Recent experiments by Jones _et al._ show that while some of the pressure is due to the expansion of gas in the tree by the rise of temperature, this cannot account for the enormous pressures which are often present, for example, when after a rise in the temperature of 2° C. there was an increase of 20 lbs. pressure.

Then again, after the cessation of the flow in late spring there are often as great differences between night and day temperatures. It therefore seems reasonable to conclude that the expansion of gases by a rise in temperature is not the direct cause.

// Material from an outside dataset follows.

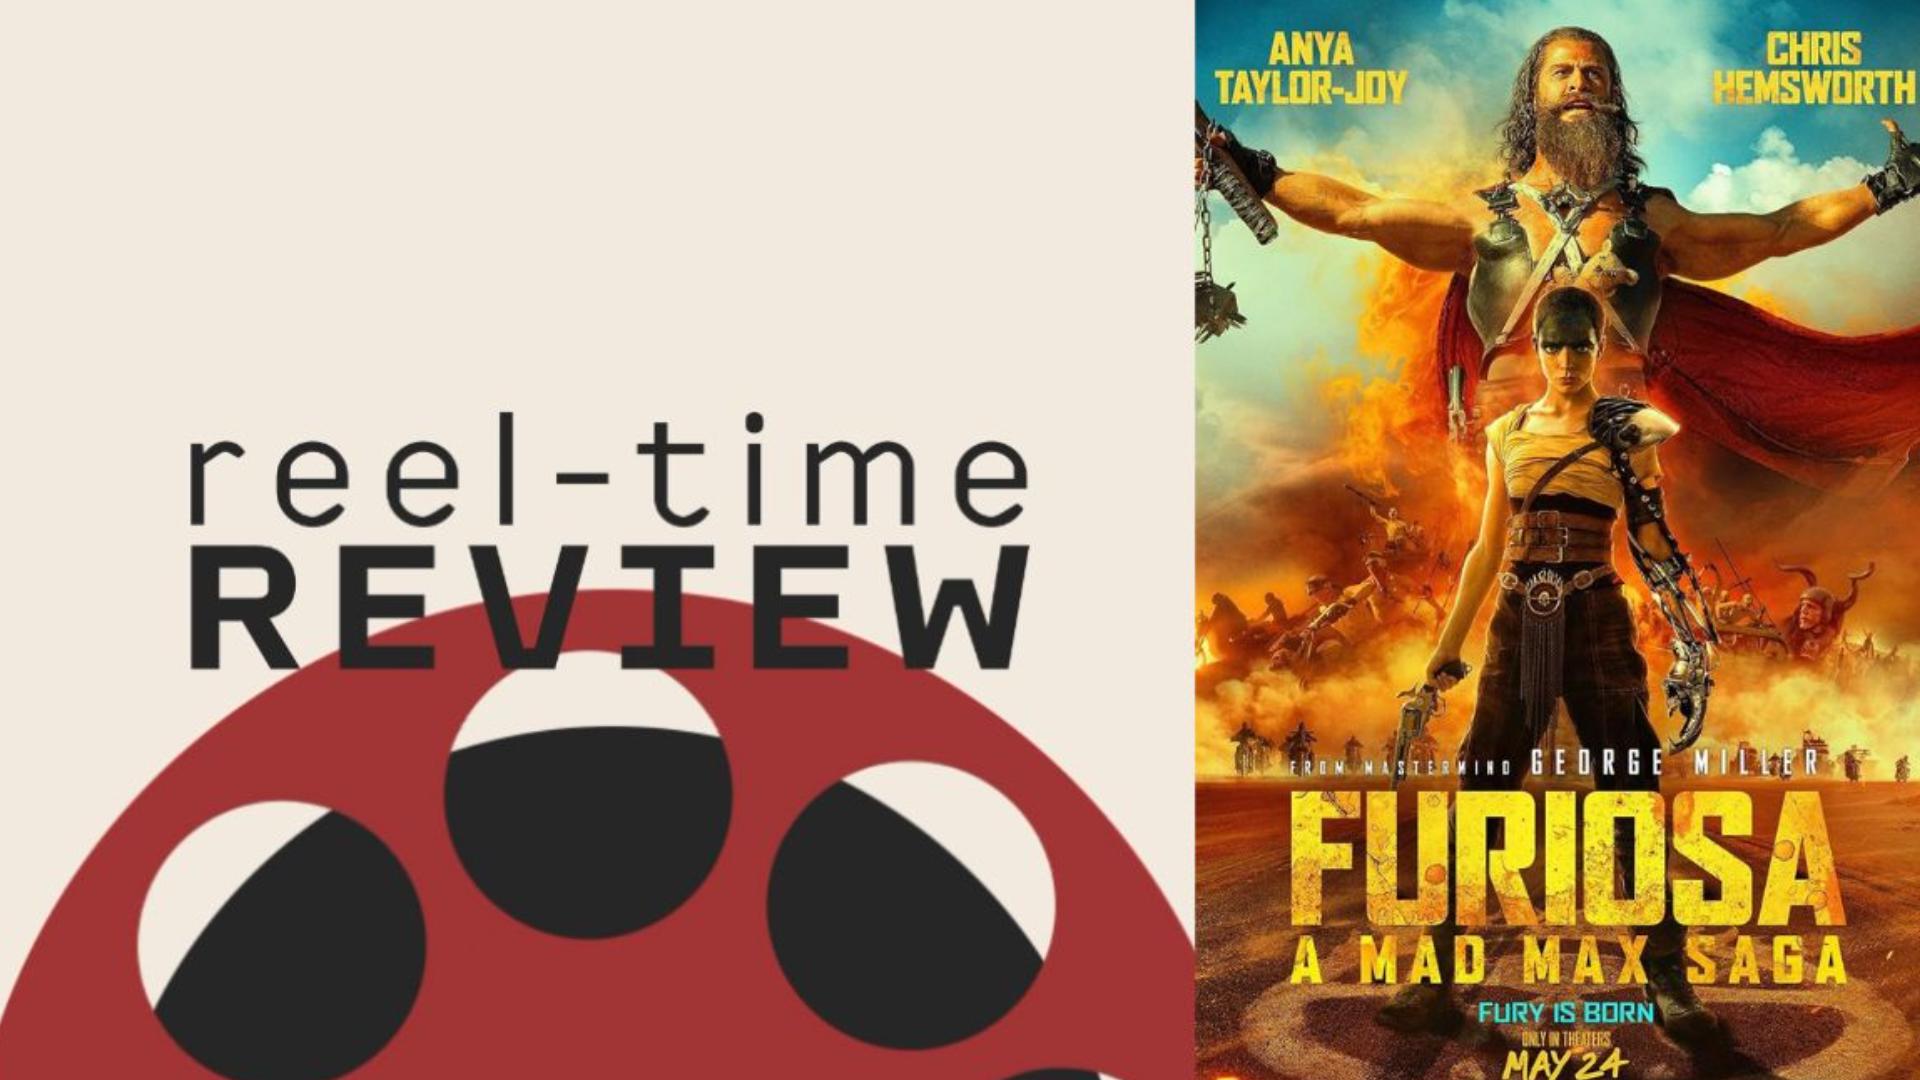 Atlanta film critics Jesse Nussman and Jason Evans discuss the latest installment in George Miller's acclaimed "Mad Max" saga.

=Activities of the cells.=—It has been suggested by some that the rise in temperature exercises an influence on the protoplasts, or living cells, so that they are stimulated to a special activity resulting in an exudation pressure from the individual cells, which is known to take place. With the fall of temperature at night this activity would cease and there might result a lessened pressure in the cells. Since the specific activities of cells are known to vary in different plants, and in the same plant at different seasons, some support is gained for this theory, though it is generally believed that the activities of the living cells in the stems are not necessary for the upward flow of water. It must be admitted, however, that at present we know very little about this interesting problem.

FOOTNOTE:

[7] This ring and the bundles separate the stem into two regions, an outer one composed of large cells with thin walls, known as the cortical cells, or collectively the _cortex_. The inner portion, corresponding to what is called the pith, is made up of the same kind of cells and is called the _medulla_, or _pith_. When the cells of the cortex, as well as of the pith, remain thin walled the tissue is called parenchyma. Parenchyma belongs to the group of tissues called fundamental.